Yesterday our ELK's ElasticSearch ran out of disk space and stopped working. After I deleted some older indexes and even grew the file system a bit, the ElasticSearch cluster status still showed red:

ElasticSearch Cluster Red Alert

But why? To make sure all shards are being handled correctly, I restarted one ES node and let it assign and re-index all the indexes. But it got stuck with 16 shards being left unassigned.
That's when I realized something's off and I found these two blog articles which helped me understand what's going on:

I manually verified about such shards being left unassigned:

claudio@tux ~ $ curl -q -s "http://es01.example.com:9200/_cat/shards" | egrep "(UNASSIGNED|INIT)"
docker-2017.12.18      1 p UNASSIGNED                                
docker-2017.12.18      1 r UNASSIGNED                                
docker-2017.12.18      3 p UNASSIGNED                                
docker-2017.12.18      3 r UNASSIGNED                                
docker-2017.12.18      0 p UNASSIGNED                                
docker-2017.12.18      0 r UNASSIGNED                                
filebeat-2017.12.18    4 p UNASSIGNED                                
filebeat-2017.12.18    4 r UNASSIGNED                                
application-2017.12.18 4 p UNASSIGNED                                
application-2017.12.18 4 r UNASSIGNED                                
application-2017.12.18 0 p UNASSIGNED                                
application-2017.12.18 0 r UNASSIGNED                                
logstash-2017.12.18    1 p UNASSIGNED                                
logstash-2017.12.18    1 r UNASSIGNED                                
logstash-2017.12.18    0 p UNASSIGNED                                
logstash-2017.12.18    0 r UNASSIGNED  

Yep, here they are. A total of 16 shards (as mentioned by the monitoring) were not assigned.
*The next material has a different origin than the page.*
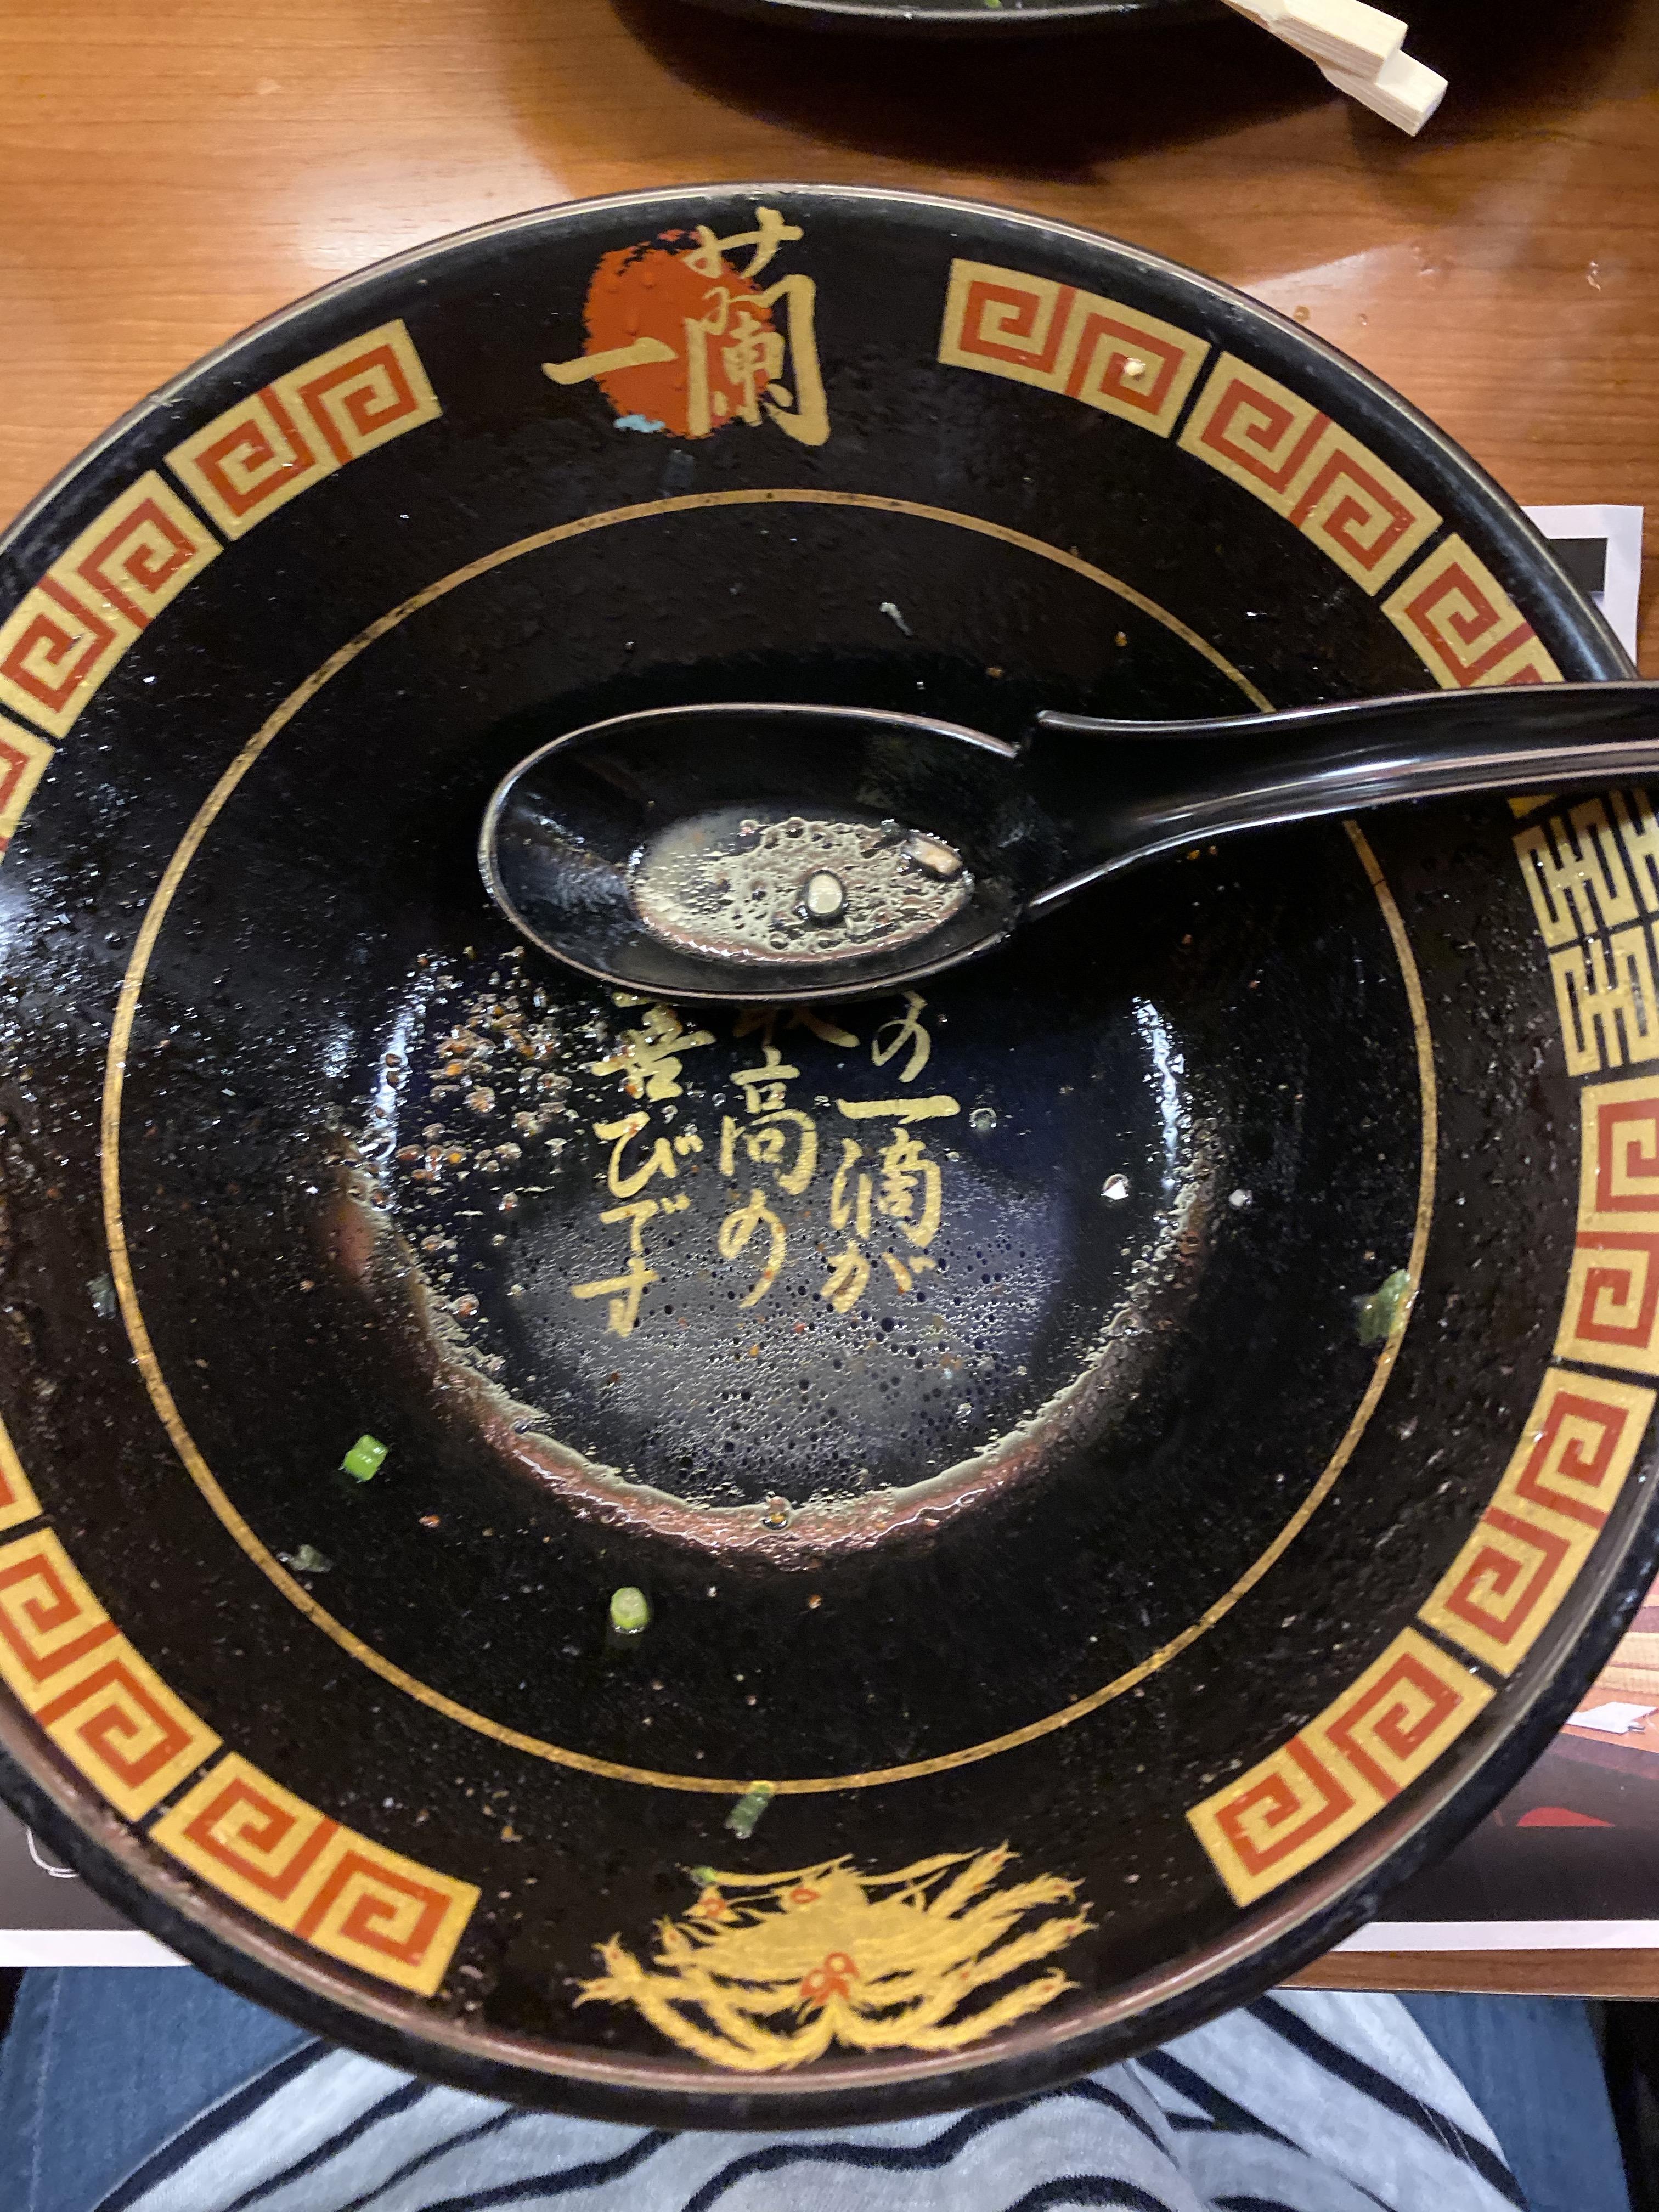 Ichiran Ramen Bowl empty

I followed the hint of the articles above, however the syntax has changed since. Both articles describe the "allocate" command. But in ElasticSearch 6.x this command does not exist anymore.
Instead there are now two commands, one for a primary shard, one for a replica shard. From the documentation (https://www.elastic.co/guide/en/elasticsearch/reference/current/cluster-reroute.html):

 allocate_replica
    Allocate an unassigned replica shard to a node. Accepts the index and shard for index name and shard number, and node to allocate the shard to. Takes allocation deciders into account.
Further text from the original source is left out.